ARCADI ESPADA-El Mundo

 

Un acto de fuerza del Estado acabó hace una semana con la intentona revolucionaria contra la democracia. Un acto de fuerza de los ciudadanos acabó ayer con la ilusión insurreccional básica. El nacionalismo no tenía la verdad ni la razón ni el poder. Ayer comprobó que ni siquiera tiene una nación, cualquiera que sea el sentido que quiera dar al término. Un millón de ciudadanos (a ver si voy a ser yo el único español sin derecho al redondeo) salió a la calle en una manifestación de la que sólo hay un precedente: la del 11 de septiembre de 1977. Aquel domingo de hace 40 años miles de catalanes salieron a la calle a instaurar el régimen complejo, contradictorio, leal y traicionado que acabaría siendo el régimen del 78. Ayer domingo, otros tantos miles decidieron defenderlo del sostenido embate del nacionalpopulismo.

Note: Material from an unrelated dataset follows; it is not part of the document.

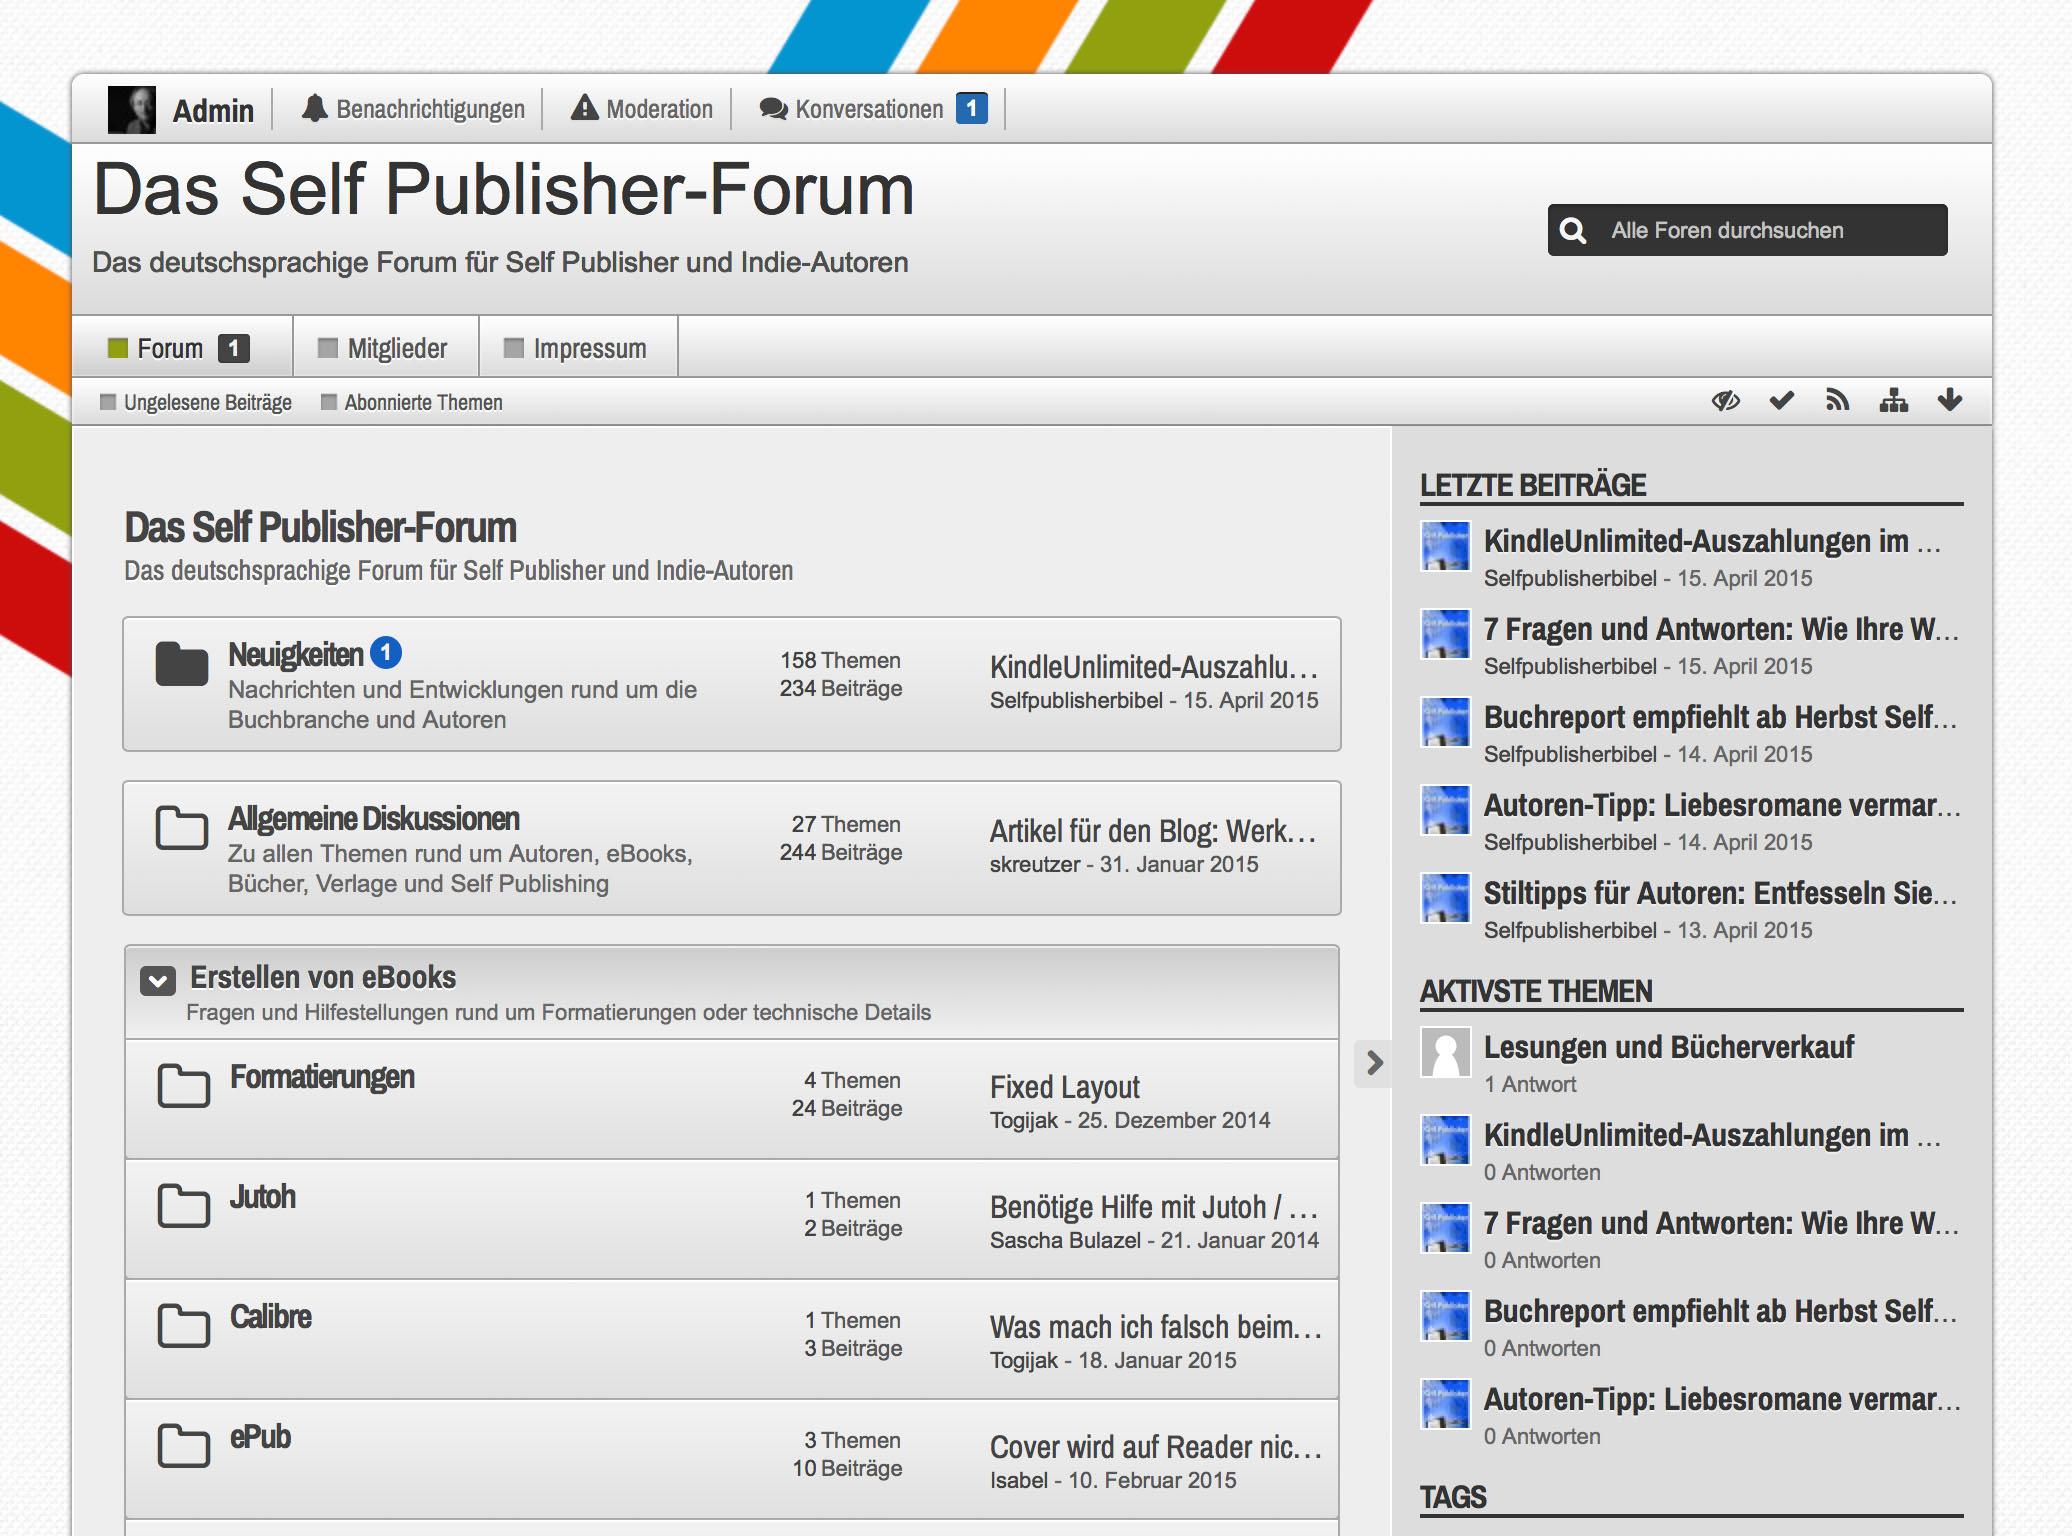 Selfpublisher-Forum.de
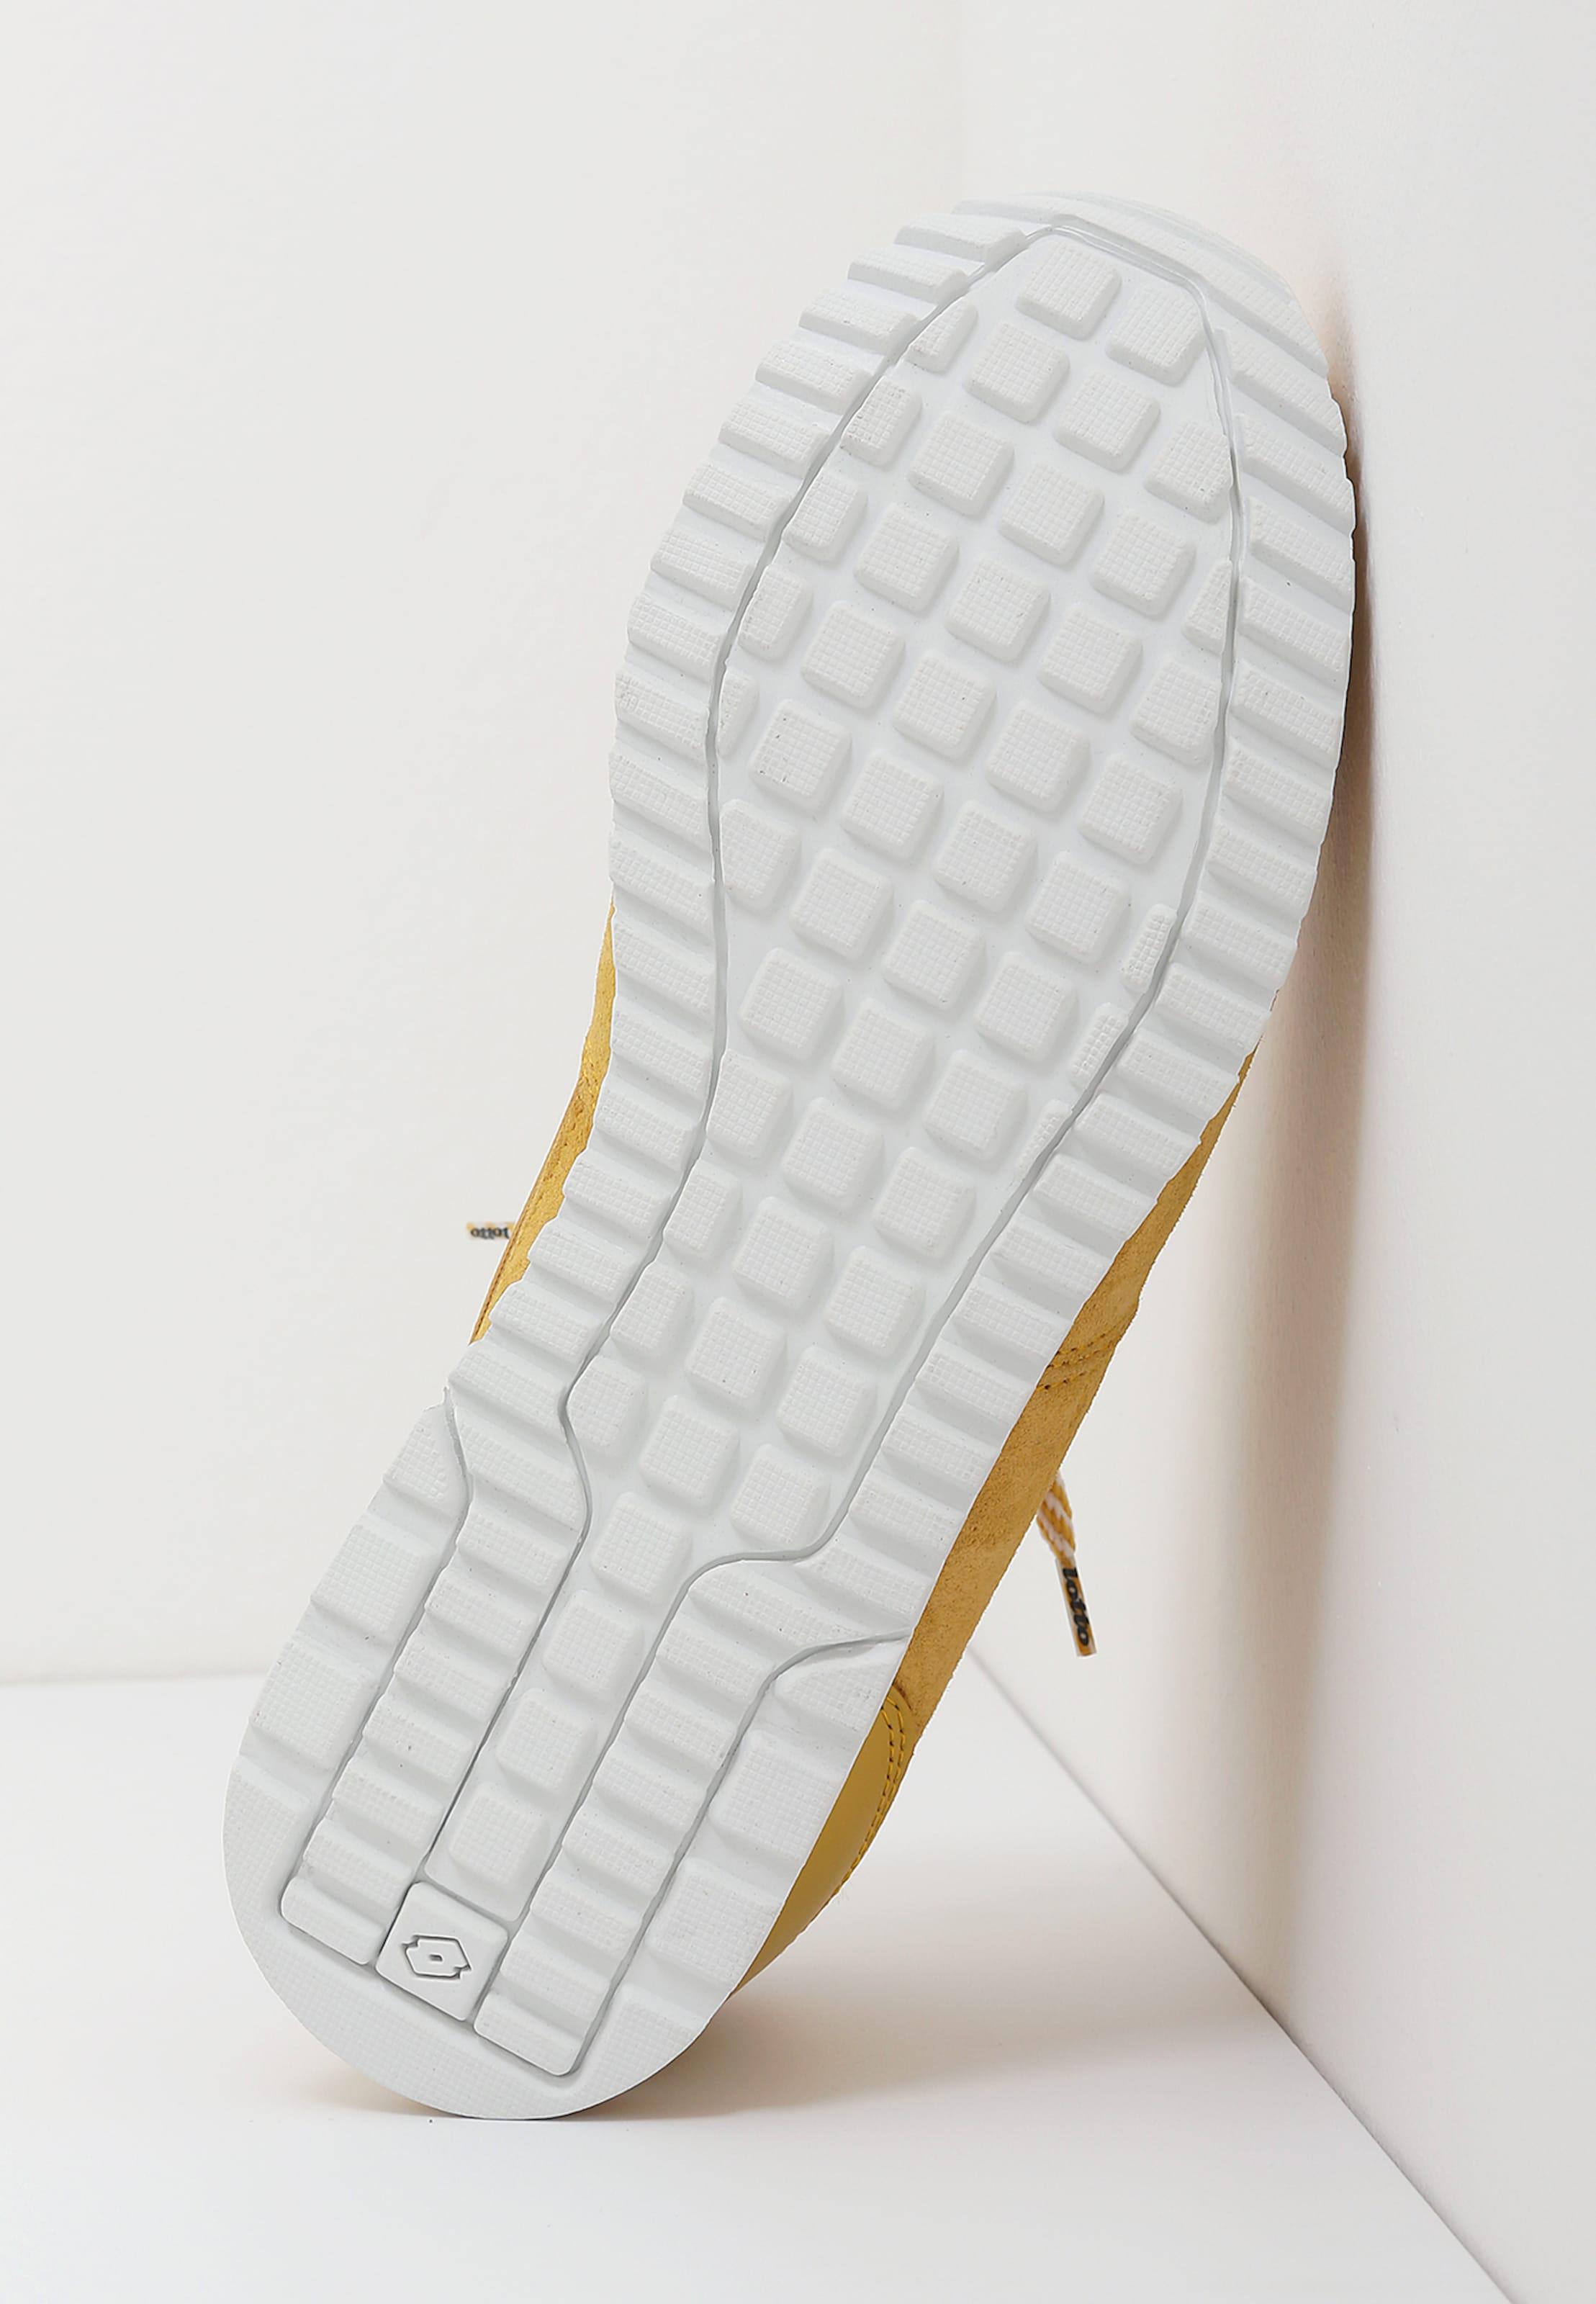 Sneaker Ginza' Lotto 'tokyo GoldgelbWeiß Leggenda In qVUGLSzMpj

Como entonces, los ciudadanos salieron en masa a las calles, espontánea y desorganizadamente, envueltos en banderas que parecían recién tejidas. Ninguna de esas dos manifestaciones tuvo la disciplina pueril, encuadrada, paramilitar, puramente coreana, de las últimas diadas organizadas por el Gobierno, sus escuadrones y la televisión nacionalista, esas diadas que probaron hasta qué punto el exceso de formalización anuncia siempre el totalitarismo.

Ayer, como hace 40 años, la manifestación fue el resultado de una necesidad física: urgente, caudalosa; entonces derramada sobre el franquismo macilento y ahora sobre la epilepsia nacionalista. Las dos manifestaciones, dispuestas a regenerar «la ciudad medieval, cercada por la peste, de donde todo el mundo huye», como acertó a definirlo tan cerca de las del Borne arruinado, el grande, el valiente, el limpio Mario Vargas Llosa, aquel al que debe mirar quien quiera saber lo que es un intelectual y, sobre todo, lo que es un hombre.

El todavía presidente Carles Puigdemont tiene una cita parlamentaria el próximo martes. Fruto del manejo clandestino que caracteriza a la presunta organización criminal que dirige, nadie sabe si en esa comparecencia leerá los periódicos del día, formalizará su dimisión y el consiguiente retorno al agro o bien presentará la llamada Declaración Unilateral de Independencia. Sería interesante que los que tienen trato con él, médico o de cualquier otro carácter, le adviertan de que, de hacer eso, la unilateralidad que propugna no se proyectaría sobre el gobierno del Estado, sino sobre los ciudadanos catalanes, hoy ya ausentes de toda ley y sentido que no provenga del conjunto de España.

Tiene razón en pedirlo. Búsquenselo. Pero no cualquiera de esos parásitos profesionales que viven de una y otra sangre en los conflictos. Visto ayer el feliz resoplido de las calles, lo que el todavía presidente Puigdemont necesita es un mediador verdadero que lo sustituya. Alguien que pueda representar al tiempo la democracia, la ley y la vergüenza. Es decir, un político razonable y honrado que lo eche a un lado y lo archive definitivamente como el protagonista que fue de los días más sórdidos, peligrosos y ridículos de la Cataluña moderna.